Re: Parsing Expression Grammar

George Neuner <gneuner2@comcast.net>
25 Sep 2005 12:51:36 -0400

          From comp.compilers

Related articles
[22 earlier articles]
Re: Parsing Expression Grammar schmitz@i3s.unice.fr (Sylvain Schmitz) (2005-09-22)
Re: Parsing Expression Grammar rsc@swtch.com (Russ Cox) (2005-09-22)
Re: Parsing Expression Grammar cfc@shell01.TheWorld.com (Chris F Clark) (2005-09-22)
Re: Parsing Expression Grammar schmitz@i3s.unice.fr (Sylvain Schmitz) (2005-09-22)
Re: Parsing Expression Grammar paul@parsetec.com (Paul Mann) (2005-09-22)
Re: Parsing Expression Grammar cfc@shell01.TheWorld.com (Chris F Clark) (2005-09-23)
Re: Parsing Expression Grammar gneuner2@comcast.net (George Neuner) (2005-09-25)
Re: Parsing Expression Grammar cfc@world.std.com (Chris F Clark) (2005-09-25)
Re: Parsing Expression Grammar cfc@TheWorld.com (Chris F Clark) (2005-09-27)
Re: Parsing Expression Grammar cfc@shell01.TheWorld.com (Chris F Clark) (2005-09-27)
Re: Parsing Expression Grammar gneuner2@comcast.net (George Neuner) (2005-09-30)
Re: Parsing Expression Grammar cfc@shell01.TheWorld.com (Chris F Clark) (2005-10-02)
| List of all articles for this month |

From: George Neuner <gneuner2@comcast.net>
Newsgroups: comp.compilers
Date: 25 Sep 2005 12:51:36 -0400
Organization: Compilers Central
References: 05-09-023 05-09-045 05-09-053 05-09-107
Keywords: parse
Posted-Date: 25 Sep 2005 12:51:36 EDT

On 22 Sep 2005 23:51:43 -0400, Chris F Clark
<cfc@shell01.TheWorld.com> wrote:


>George Neuner <gneuner2@comcast.net> writes:
>
>> The need to embed actions depends greatly on the language ...
>> resolving context sensitivity requires predication and predication
>> requires mid-rule computations.
>
>I think predicates are wonderful.
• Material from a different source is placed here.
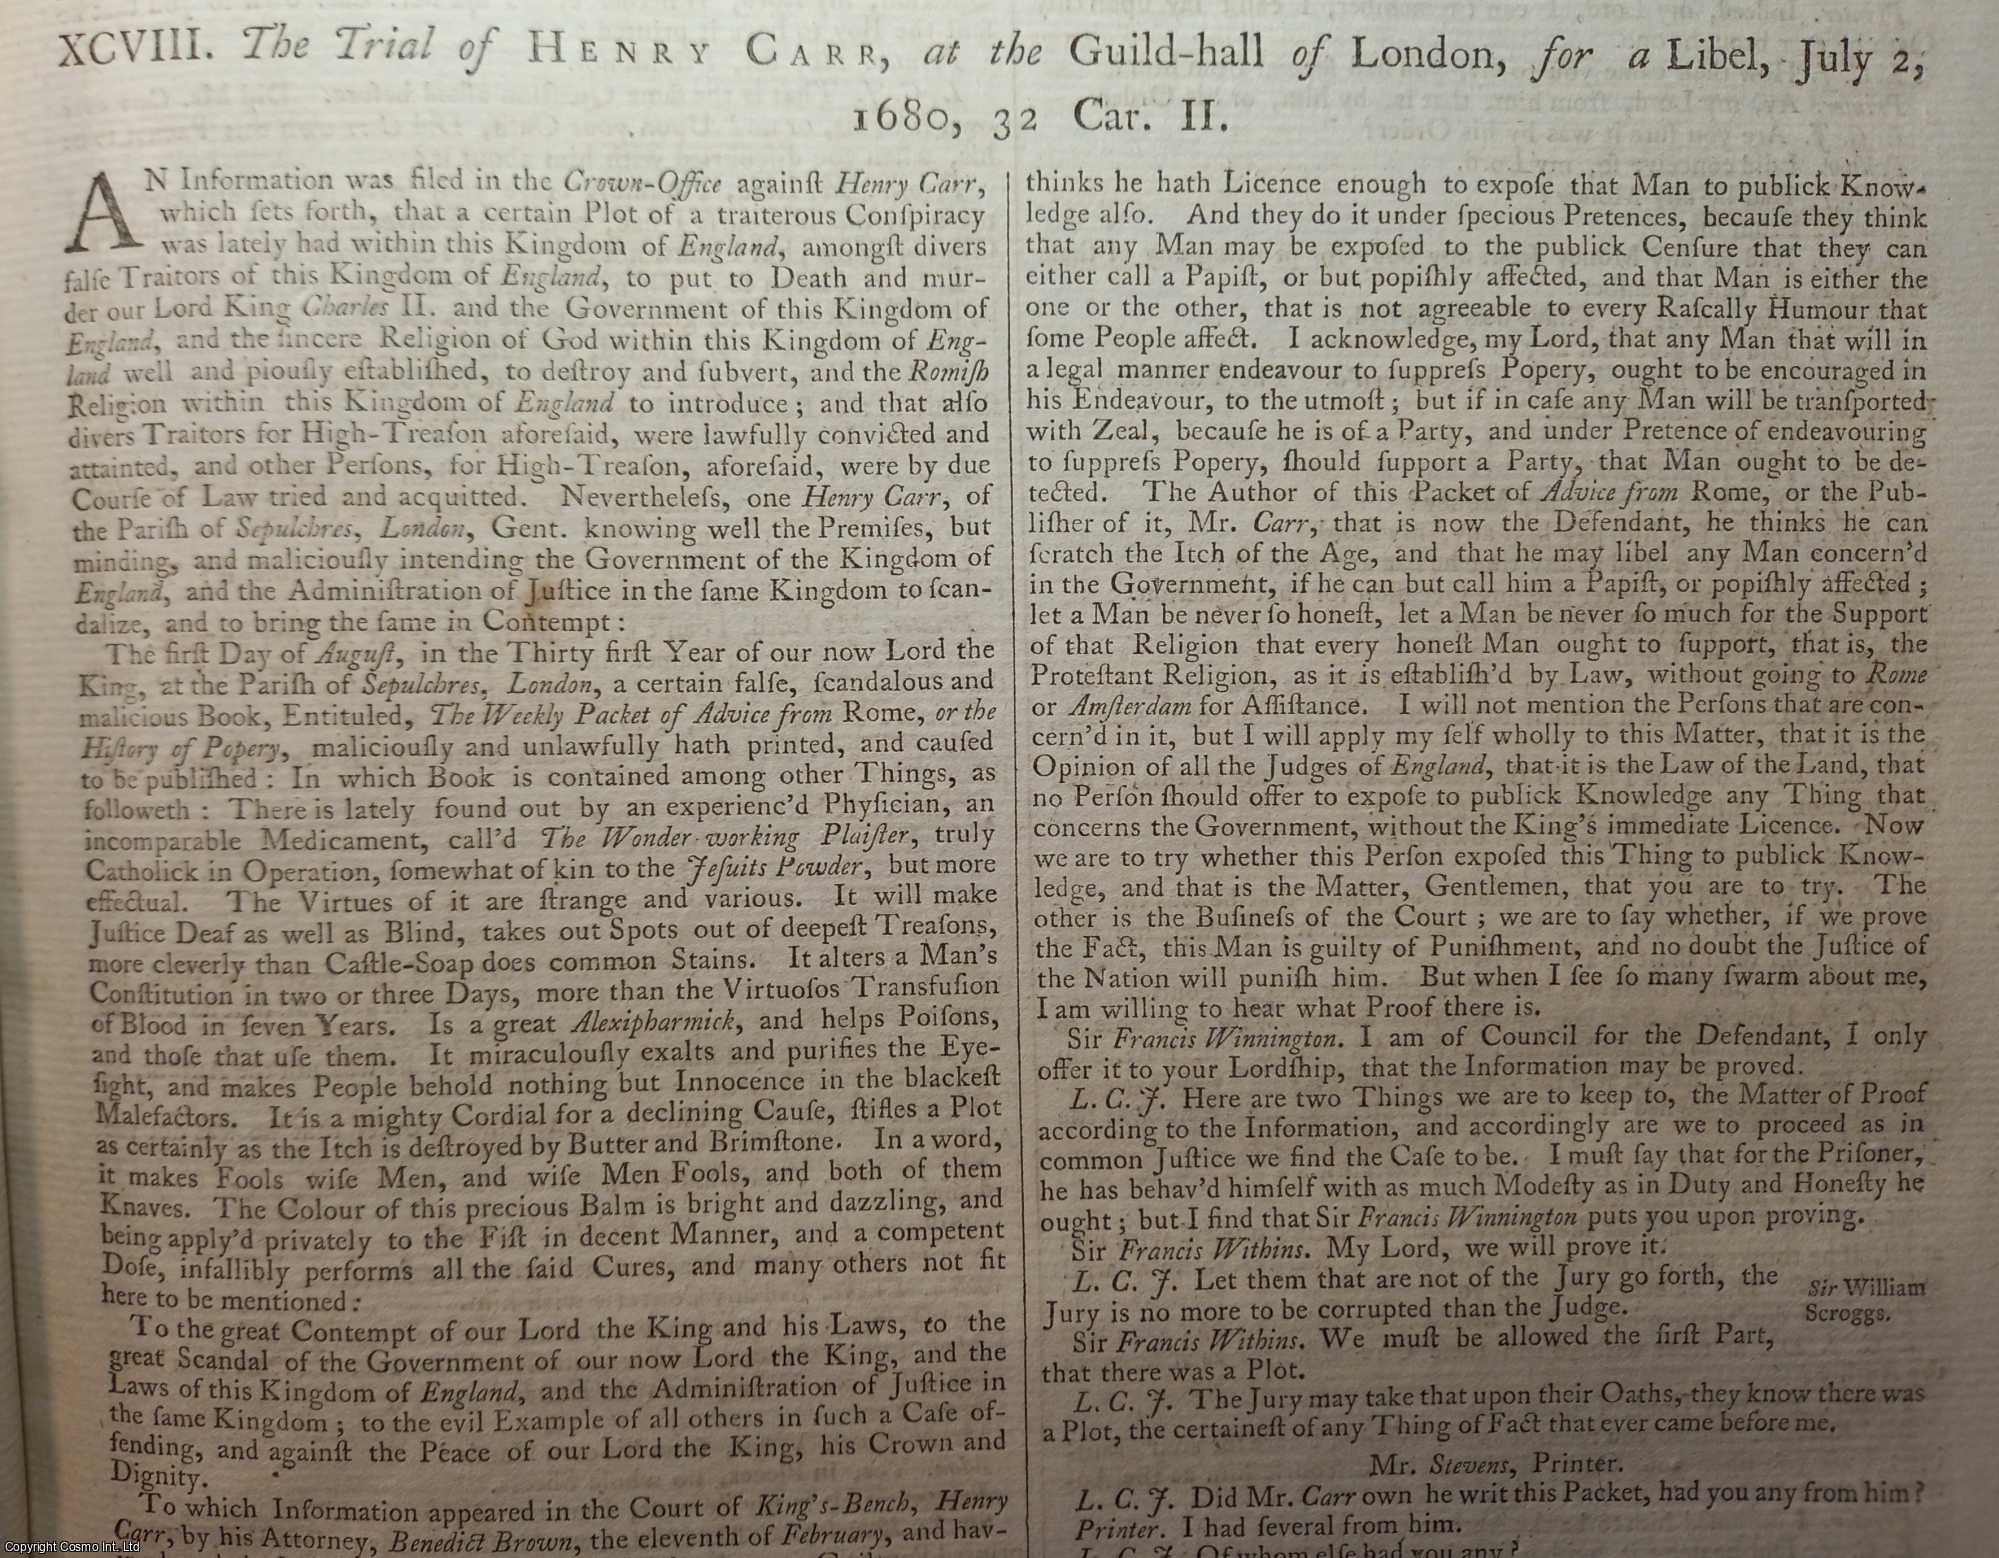 [Trial] - The Trial of Henry Carr, on an Information for publishing a false and scandalous Libel, at Guildhall London, 1680. An original article from the Collected State Trials.

I don't know that predicates
>"require" mid-rule computations. Syntactic ones don't. Semantic
>predicates "are" mid-rule computations, so yes they require them.


That depends on your definitions ... syntactic predicates are extra
grammatic computation - meaning they are (generally) nicety rather
than necessity. Offhand I can't think of a case of a grammar that
could be written using a syntactic predicate but not without.
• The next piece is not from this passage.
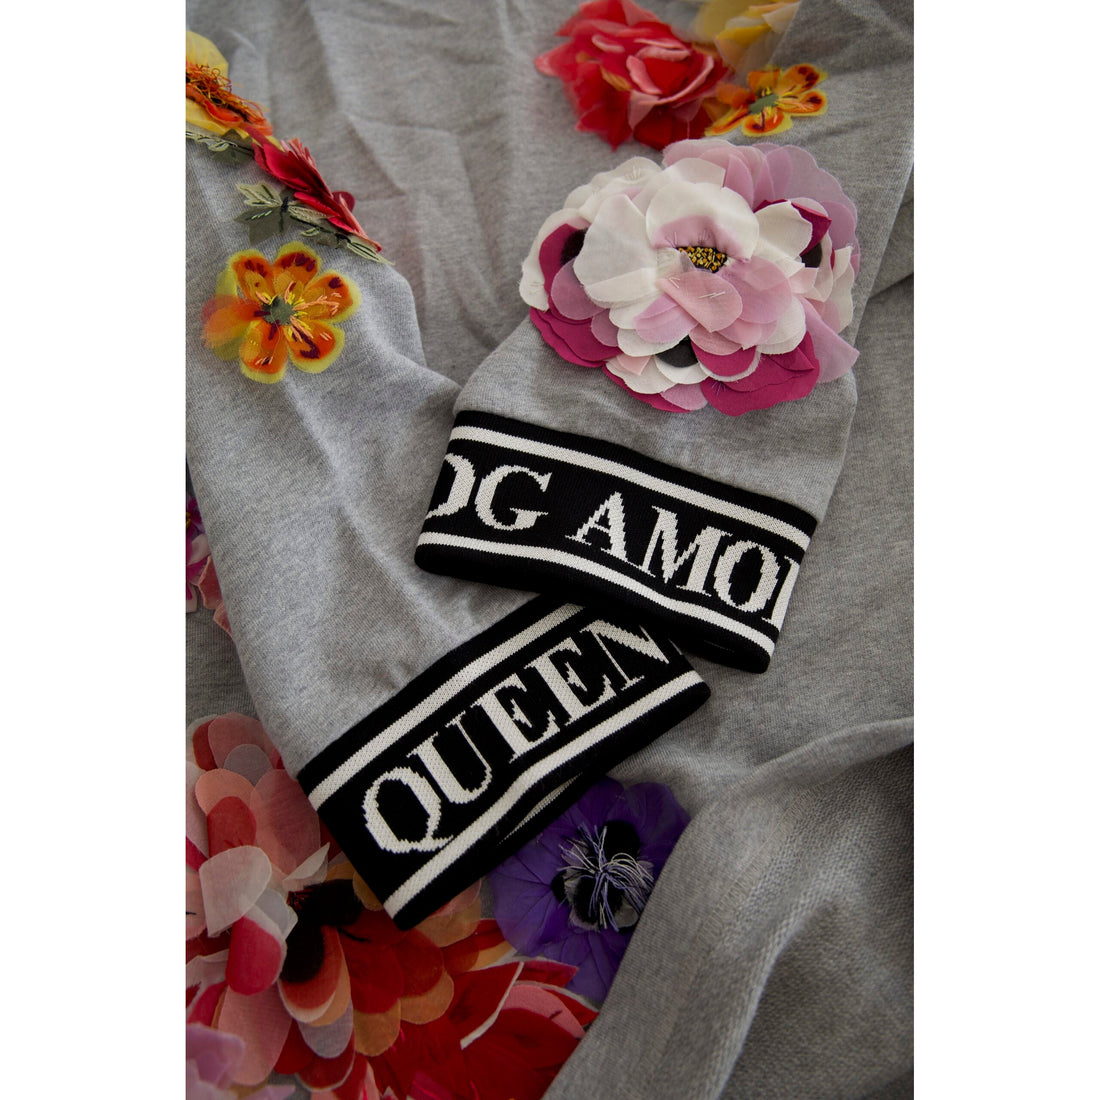 Dolce & Gabbana Gray DG Amore Queen Floral Pullover Sweater

>> LR can be inefficient for a context sensitive language because
>> reductions aren't applied until all the tokens have already been
>> constructed. The usual LALR work around is either to defer
>> everything until later [the approach you seem to favor] or to create
>> back channels to the lexer and perform as much disambiguation as
>> possible there. But neither of these approaches handle languages
>> which must be lexed differently in different contexts.
>
>Presuming one has mid-rule computations (and those are not hard to
>implement in an LR parser generator), one can also determine context
>before the dependent tokens have been constructed.


I beg to differ. The tokens may not yet have been *consumed* by the
parser, but they most definitely have already been constructed else
the rule reduction would not have been attempted.


And LR mid-rule actions require complete syntactic predication of the
rule head - if not the entire rule - because the user actions can't be
undone and should not be executed unless the parse is committing to
the rule. Operationally it makes the entire rule head a separately
matched sub-rule, which may be logically incorrect.




>> It is a persistent myth that LL parsers have inheriently more
>> context information than LR parsers. It is only true, if one has
>> null productions that are used in multiple contexts and then only
>> if one is doing SLR or LALR parsing, so that states with different
>> lookahead sets are merged. If one has an LL grammar for the
>> language, an LR parser will also have nicely disambiguated
>> contexts. The myth persists because an LR grammar that is not LL
>> will have ambiguous contexts, which is why the grammar is not LL.
>> Note, when using mulitple lookahead (LL(k)) grammars, there are
>> also places where the tokens have to be constructed before the
>> context is determined, i.e. for the first k tokens of rules that
>> need the lookahead for discrimination.


???


AFAICT I never said anything about which method has _more_ context
information available - whatever you think that means.